À la suite de cette réflexion, nous proposons un exemple qui montre un des aspects subtils de la mise en œuvre de la pérennisation du corps absent, normalisée dans l'écriture et la pensée du philosophe néo-platonicien Plotin, dont la philosophie

[…] a une forte coloration religieuse et apparut très vite comme l'expression parfaite de la spiritualité des mieux cultivés qui se refusaient à rompre avec la religion classique. Le monisme optimiste qui caractérise cette pensée l'opposa dès le début au christianisme, surtout sous sa forme gnostique, profondément dualiste. […] En 264, semble-t-il, il publia un traité Contre les gnostiques où il défendait avec force la beauté, l'équilibre et l'éternité du monde sensible, ainsi qu'une morale fondée sur l'acceptation par l'homme de sa place dans la nature et sur la connaissance de l'éthique philosophique classique76.

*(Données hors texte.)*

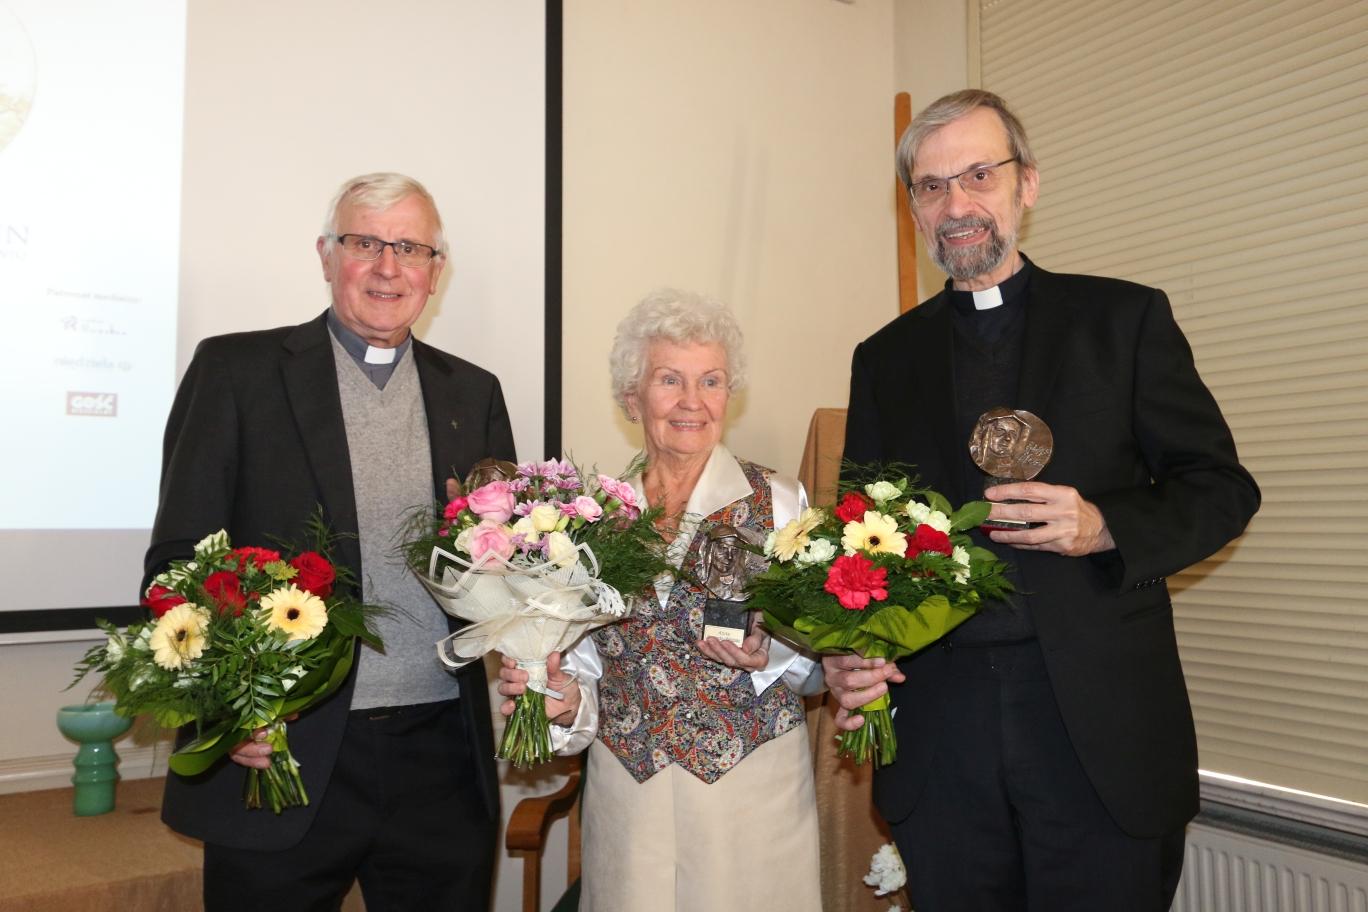 Für seine Erinnerungsarbeit in der Gedenktstätte Oświęcim (Auschwitz) hat Pfarrer Manfred Deselaers (r.), Priester des Bistums Aachen, den Edith-Stein-Preis erhalten. Außerdem ausgezeichnet wurden Prof. Jerzy Machnacz und Anita Czarniecka–Stefańska.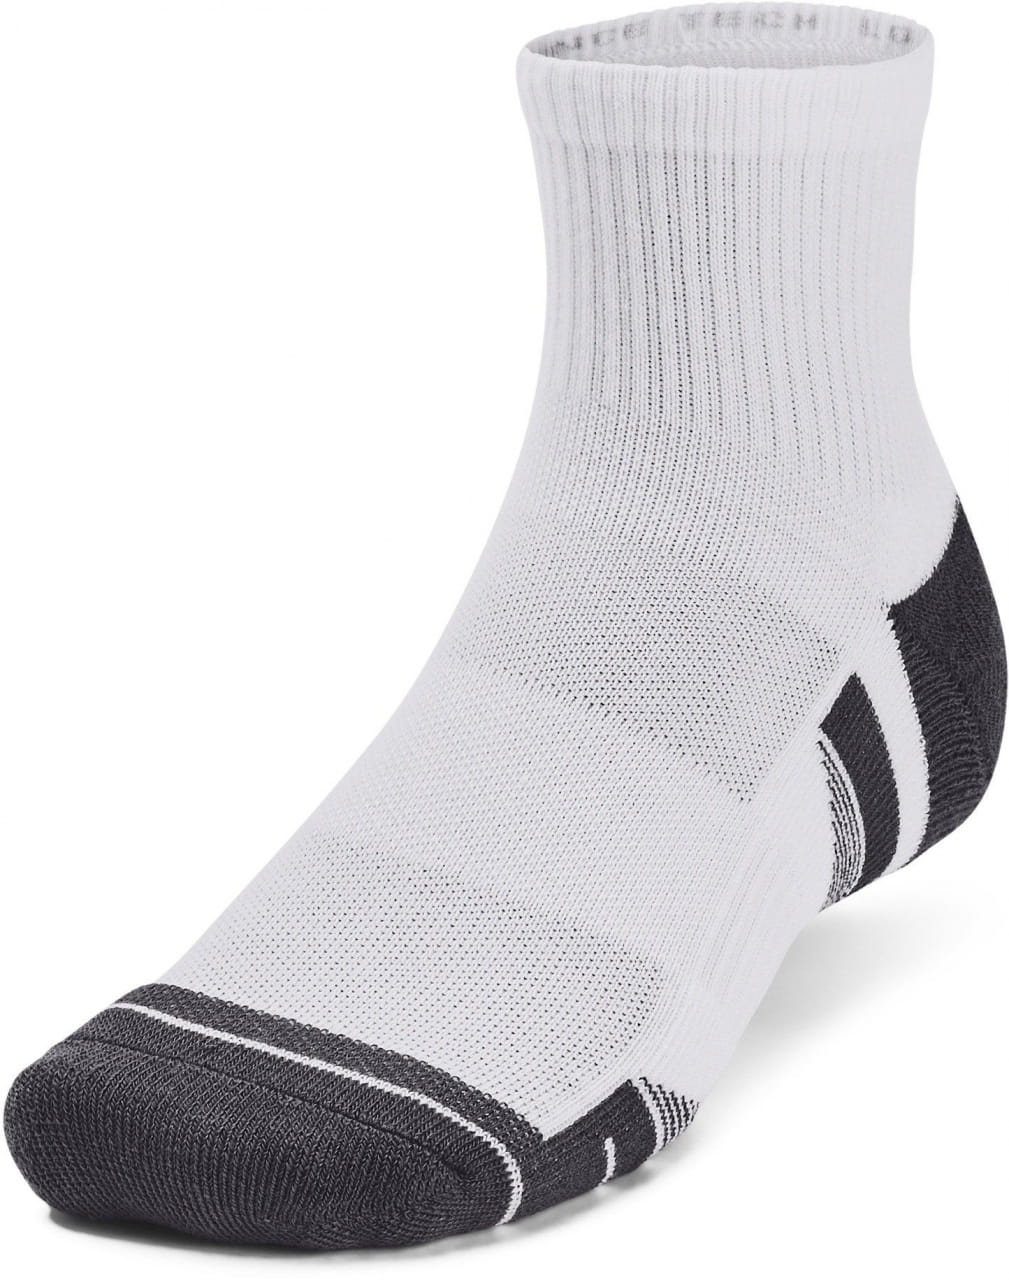 Unisexové sportovní ponožky Under Armour Performance Tech 3pk Qtr-WHT

Il peut facilement sembler que nous soyons en présence d'un auteur (Plotin) et d'une réflexion portée par un esprit mû d'idéaux nobles destinés à façonner un équilibre meilleur du monde. Toutefois, considérant les fondements dualistes de la philosophie classique où le corps et les femmes en sont évacués, fonctionnalisés et subordonnés, il devient suspect de considérer l'écriture de Plotin, comme un atout réel à ce nouvel équilibre du monde sans sourciller de l'absence qu'il pérennise. Suite à cet exemple, nous poursuivons la présentation des changements qui ont conduit les petites églises et la grande Église vers leur maturité. Le déroulement de ces changements donnera lieu à un dualisme conflictuel et doctrinal vécu par l’Église d'Orient et d'Occident, et un dualisme politique qui cherchera soit à purger les chrétiens ou faciliter leurs conditions d'existence. Le fil conducteur de cette construction repose sur un jeu de pouvoir constant entre les politiques internes et doctrinales de l'Église et les politiques des dirigeants de l'Empire.